3-month AI/ML training program

Join our 3-month AI/ML training program to build a strong foundation in artificial intelligence and machine learning. Learn through hands-on projects, gain valuable skills, and kickstart your career in this dynamic field.

Objective

  • Build foundational AI/ML knowledge and practical skills for entry-level tasks.
  • Understand key concepts in deep learning, with a focus on ANN.
  • Complete a guided capstone project to showcase learning.

Structure

Weekly progress combines theoretical sessions, hands-on tasks, and project work to ensure steady growth.

Month 1: Fundamentals of AI/ML and Tools

Week 1: Introduction to AI and ML

  • Topics:
    • What is AI? Branches of AI and real-world applications.
    • What is ML? Types of ML: Supervised, Unsupervised, Reinforcement Learning.
    • Overview of ML workflows.
  • Tasks:
    • Identify ML applications in day-to-day life.
    • Set up Python and essential libraries (NumPy, Pandas, Matplotlib).

Week 2: Python for Data Analysis

  • Topics:
    • Data exploration and manipulation using Pandas.
    • Data visualization with Matplotlib and Seaborn.
  • Tasks:
    • Perform EDA on a sample dataset.
    • Generate summary statistics and data visualizations.

Week 3: Introduction to Machine Learning Algorithms

  • Topics:
    • Linear Regression, Logistic Regression.
    • Performance metrics: Accuracy, Precision, Recall, and F1-score.
  • Tasks:
    • Build and evaluate a Linear Regression model for predicting housing prices.

Week 4: Data Preprocessing and ML Pipelines

  • Topics:
    • Handling missing data, scaling, encoding categorical variables.
    • Introduction to ML pipelines.
  • Tasks:
    • Create a pipeline for preprocessing and training a model using scikit-learn.

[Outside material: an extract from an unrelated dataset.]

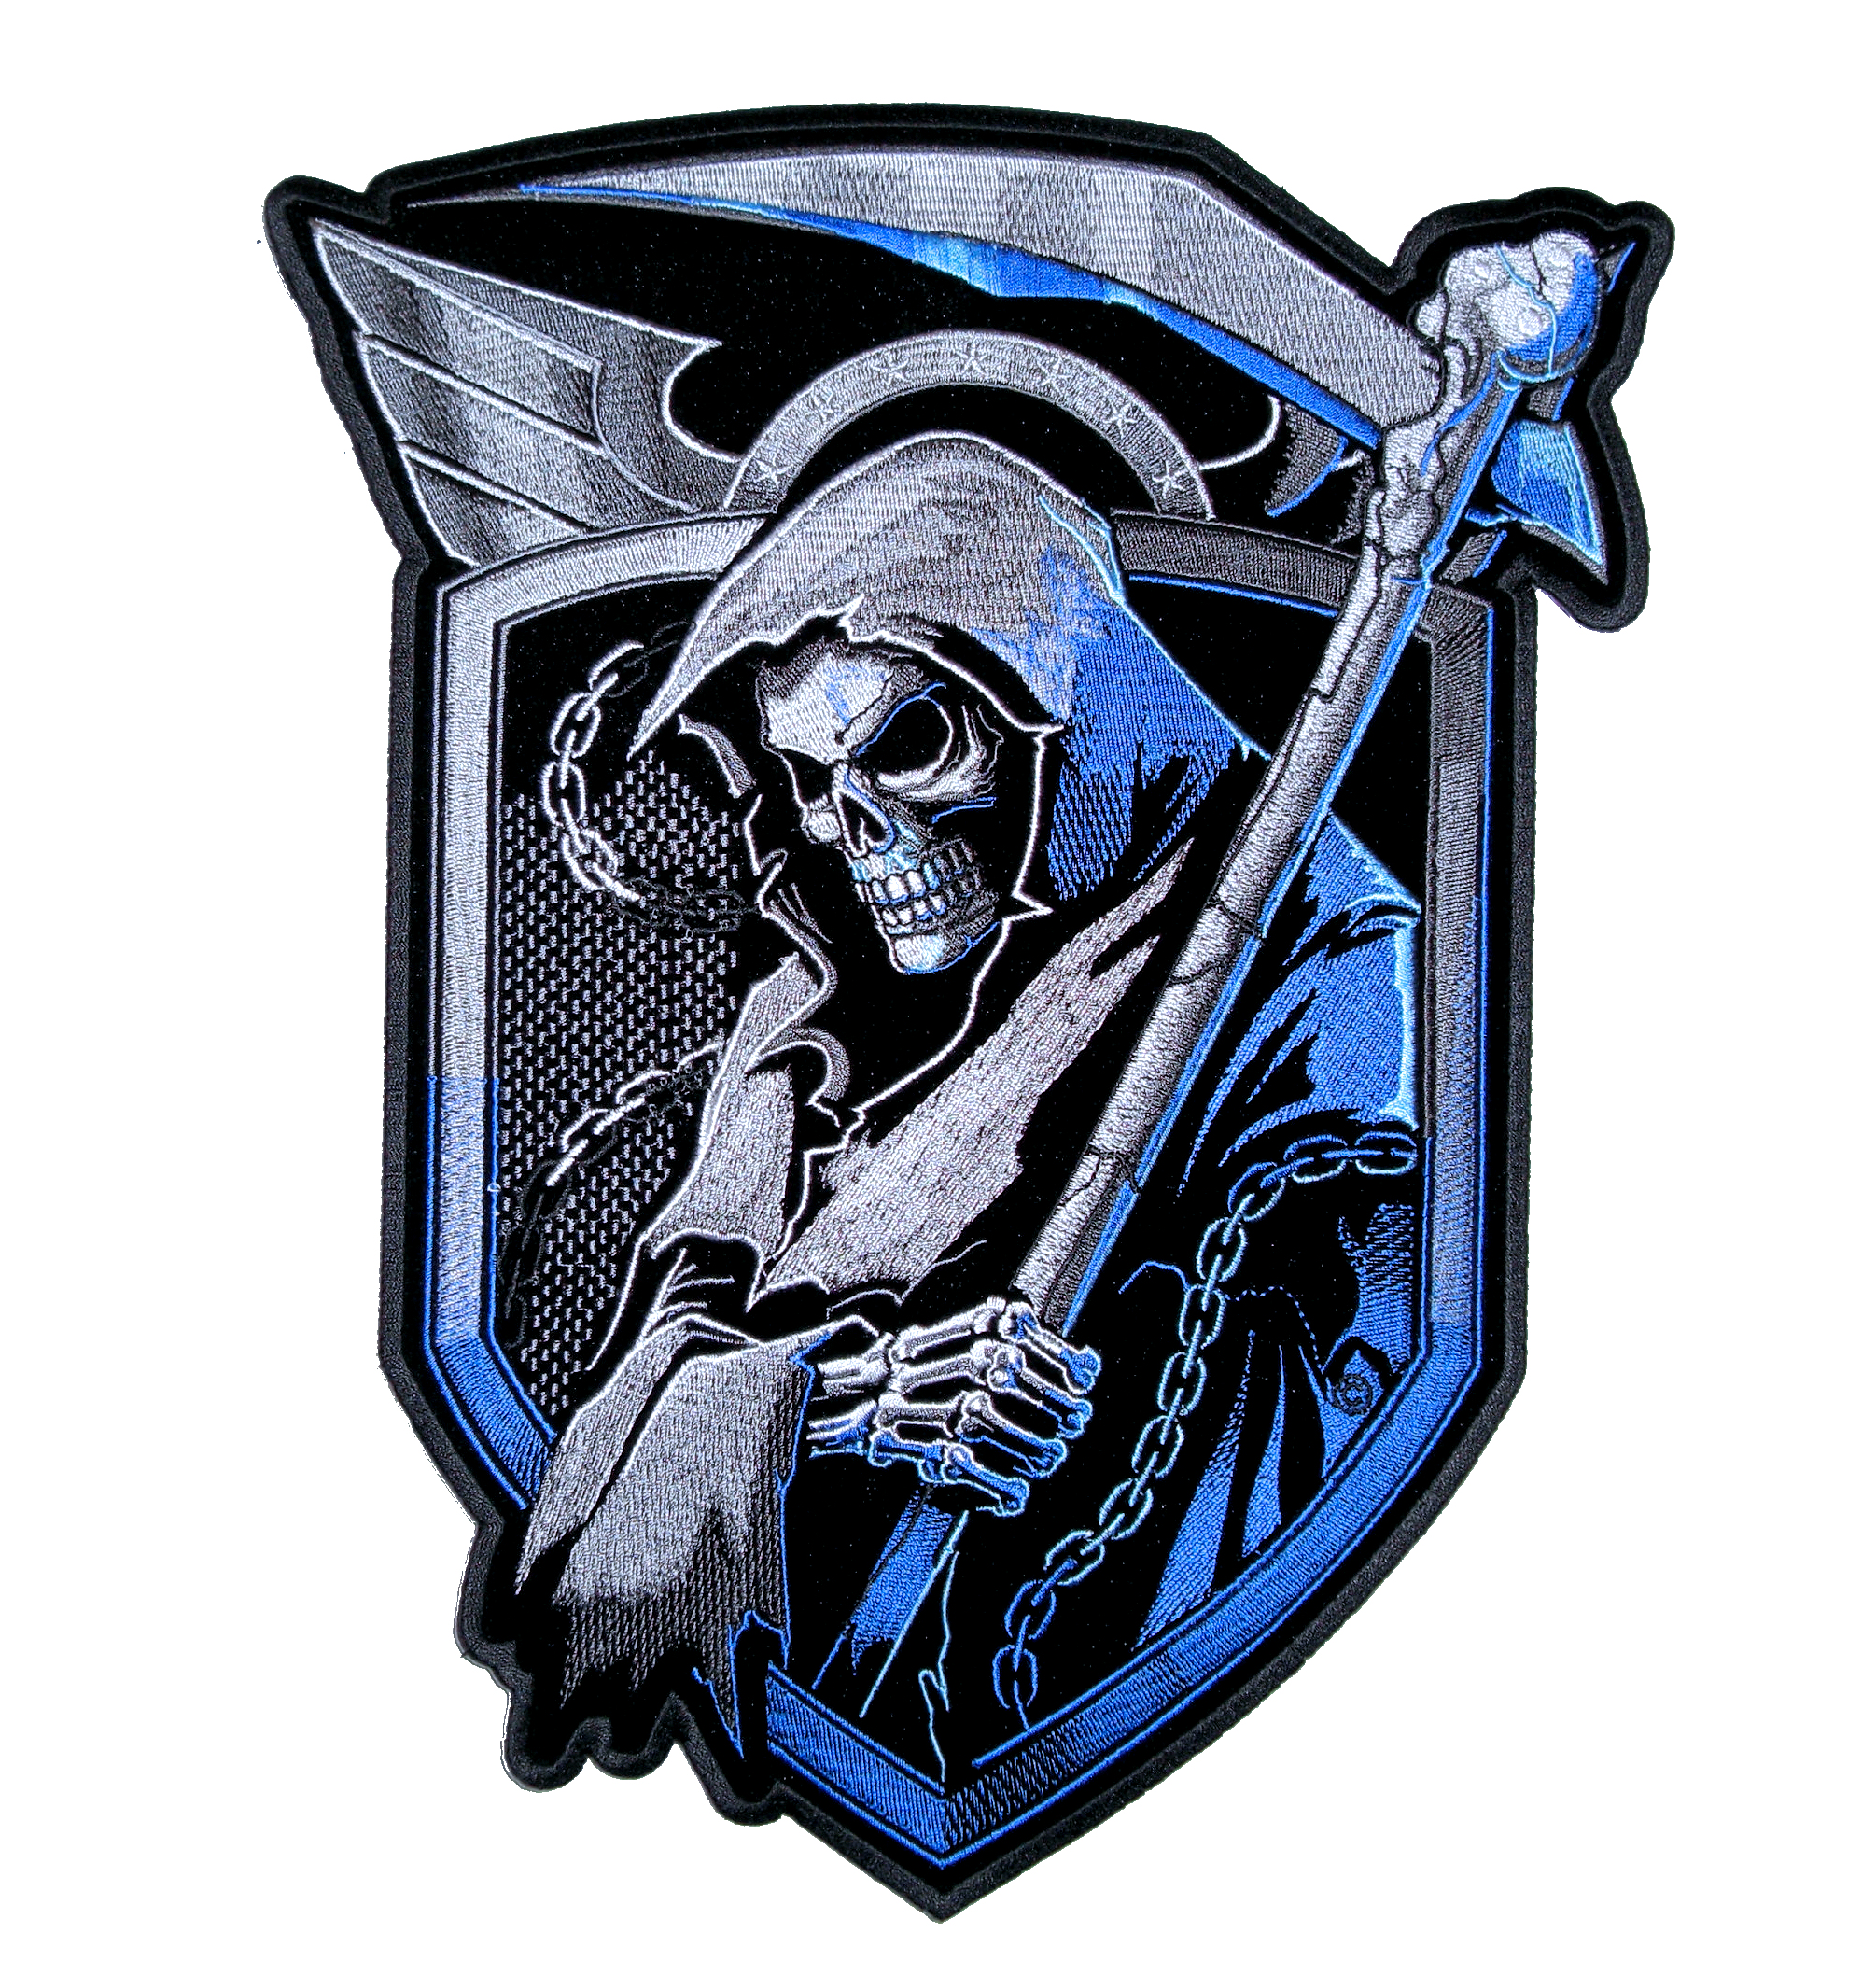 Grim Reaper Patch eBay
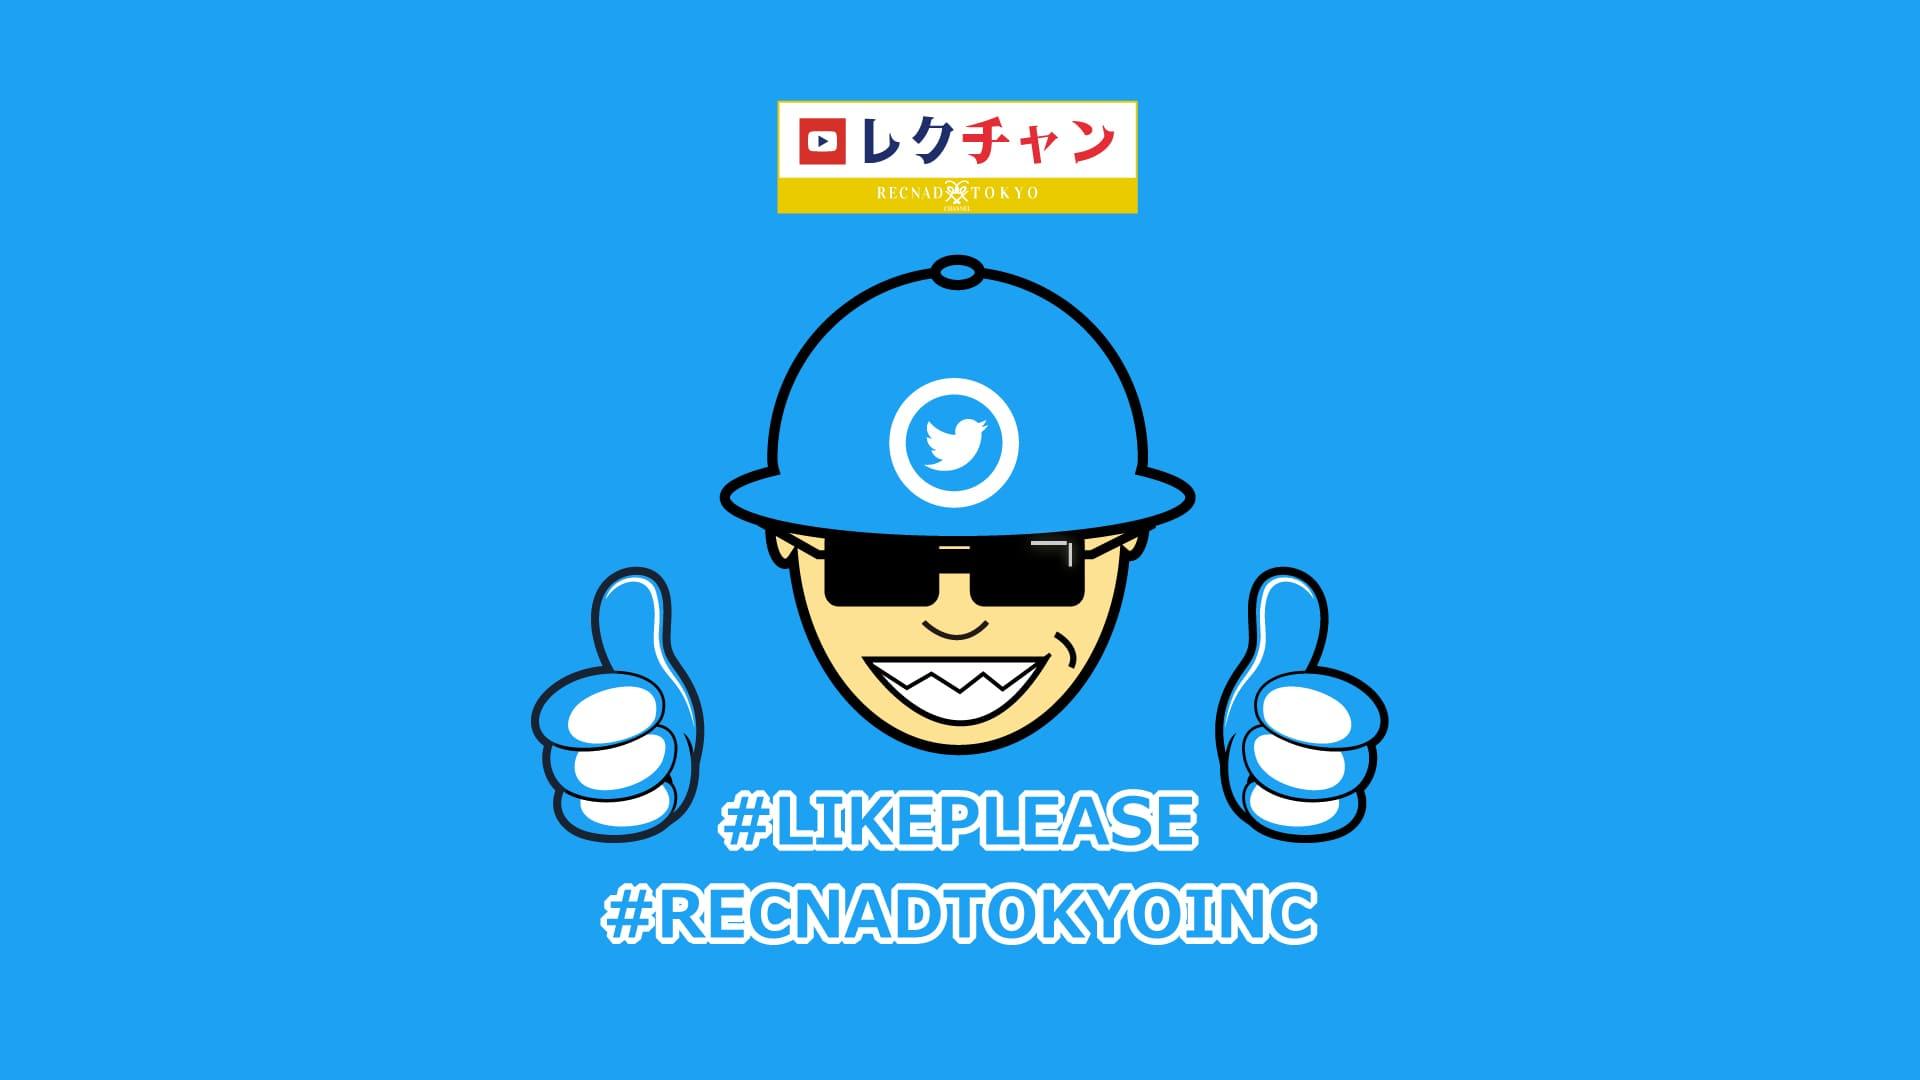 振り付け選手権 面白い 話題になりたい Twitter Manのおねだりダンス #LIKEPLEASE 音源FREE DL

Month 2: Core Machine Learning and Deep Learning Foundations

Week 5: Decision Trees and Ensemble Methods

  • Topics:
    • Decision Trees: Working and applications.
    • Ensemble methods: Bagging (Random Forest), Boosting (Gradient Boosting).
  • Tasks:
    • Build a Random Forest model for classification tasks.

Week 6: Unsupervised Learning

  • Topics:
    • K-Means Clustering, Hierarchical Clustering.
    • Dimensionality Reduction: PCA.
  • Tasks:
    • Apply K-Means to segment customers in a retail dataset.

Week 7: Introduction to Deep Learning and Artificial Neural Networks (ANN)

  • Topics:
    • What is Deep Learning? ANN architecture and components.
    • Activation functions: Sigmoid, ReLU, Softmax.
    • Forward propagation and backpropagation.
  • Tasks:
    • Implement an ANN for binary classification using TensorFlow/Keras.

Week 8: Advanced ANN Concepts

  • Topics:
    • Optimizers: Gradient Descent, Adam.
    • Regularization techniques: Dropout, Batch Normalization.
  • Tasks:
    • Improve an ANN model using dropout and different optimizers.

Month 3: Capstone Project and Future Skills

Week 9: Capstone Project Planning

  • Activities:
    • Select a dataset (e.g., loan approval, e-commerce trends).
    • Define the project’s objectives and success metrics.

Week 10: Model Development

  • Activities:
    • Build an end-to-end ML model pipeline, train, and evaluate.
    • Document findings and insights.

Week 11: Deployment Basics

  • Topics:
    • Introduction to model deployment using Flask/Streamlit.
  • Tasks:
    • Create a simple interface to showcase the project.

Week 12: Presentation and Feedback

  • Activities:
    • Present the project to mentors and peers.
    • Receive feedback and refine the project.